THE SCENE A crowd, mostly in their 30s, converges around the restaurant's eight fire pits to eat, drink and socialize. Some nights, there are DJs and dance parties. On Sundays, a family crowd comes for live reggae that starts in the afternoon and runs into early evening.

THE FARE Chef Axell Uruttia's menu offers such dishes as a warm New England lobster roll, and fish and chips; you also could hit the outdoor Cranky Clam Bar for littlenecks or oysters on the half shell, ideal with a Margarita or mojito.

 

OFF KEY TIKKI

31 Baker Place, Patchogue

INFO 631-475-1723, offkeytikki.com

THE BEACH When owner Mike Bruemmer was about to build his faux beach, he inspected about 50 pails of sand before alighting on the "brightest and whitest" from the Gulf of Mexico. On the sand, you can relax in one of the 40 or so Adirondack chairs.
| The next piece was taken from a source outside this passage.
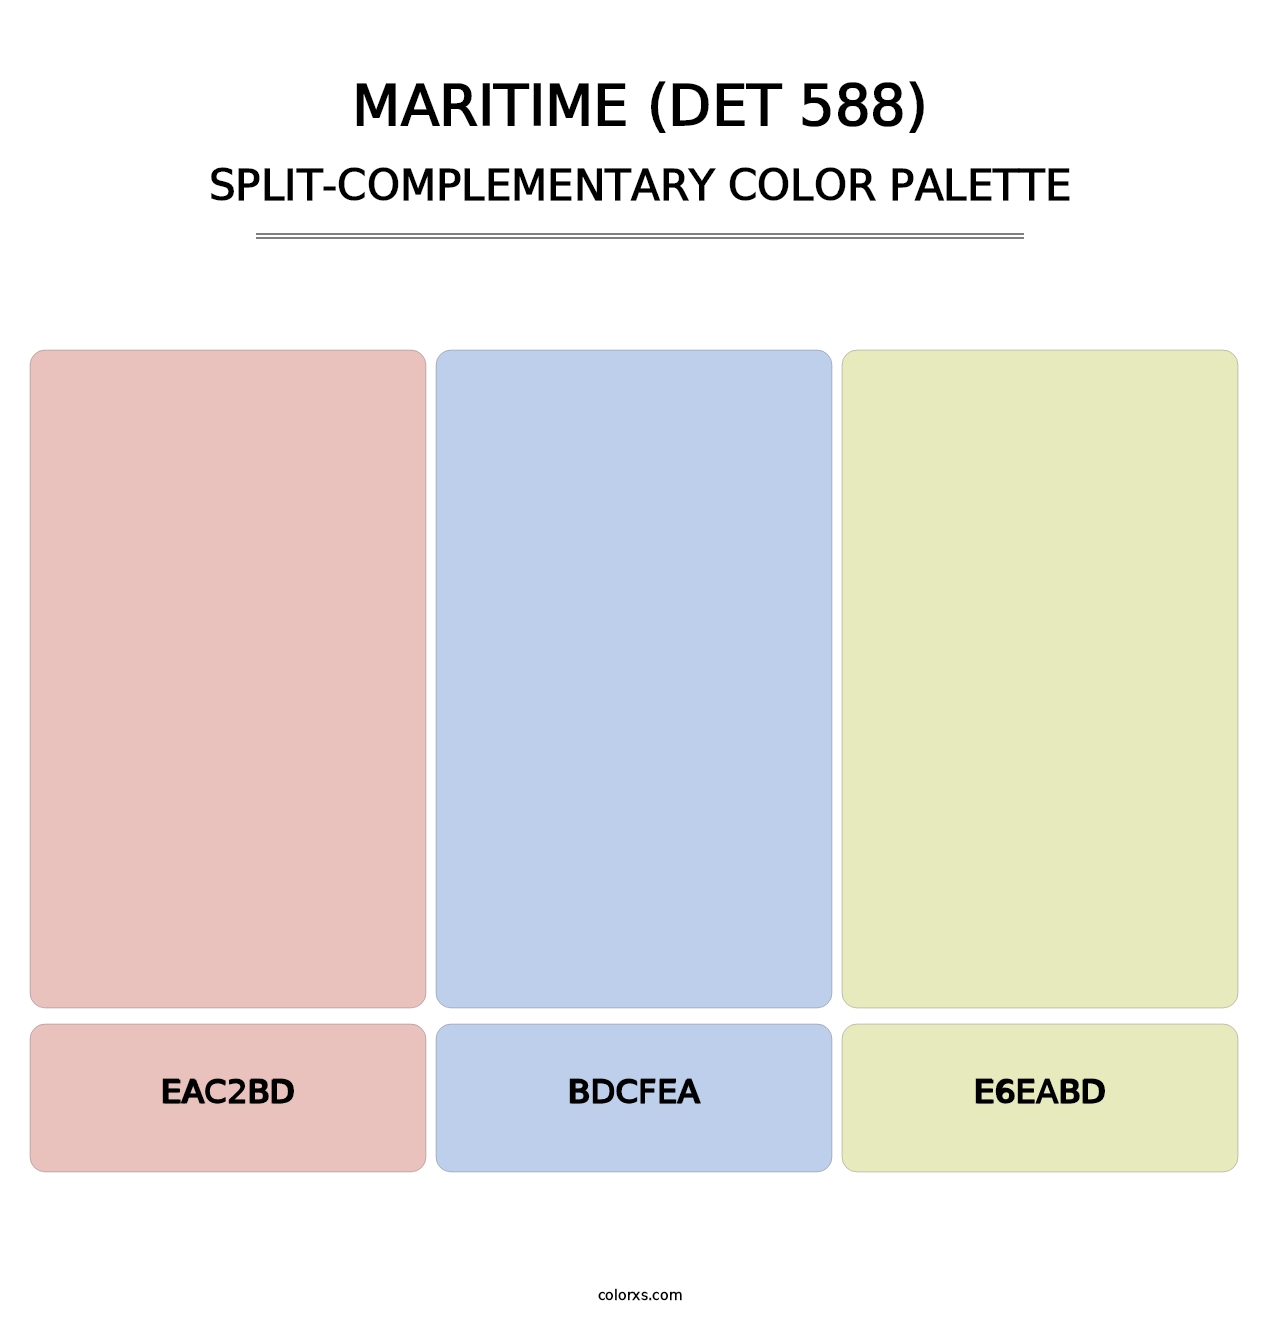 Maritime (DET 588) - Split-Complementary Color Palette

THE SCENE The crowd is generally older than 30 -- and, says Bruemmer, predominantly female. There's a relaxed, Key West vibe with live music and barefoot dancing. As on Key West, Sunday sunset parties are a ritual.

THE FARE To drink, there are such libations as a "sexy sand-sation" (involving both raspberry and passion fruit vodkas) and a "loaded" Margarita. Beach eating involves mainly finger foods, such as vegetable spring rolls and Thai calamari.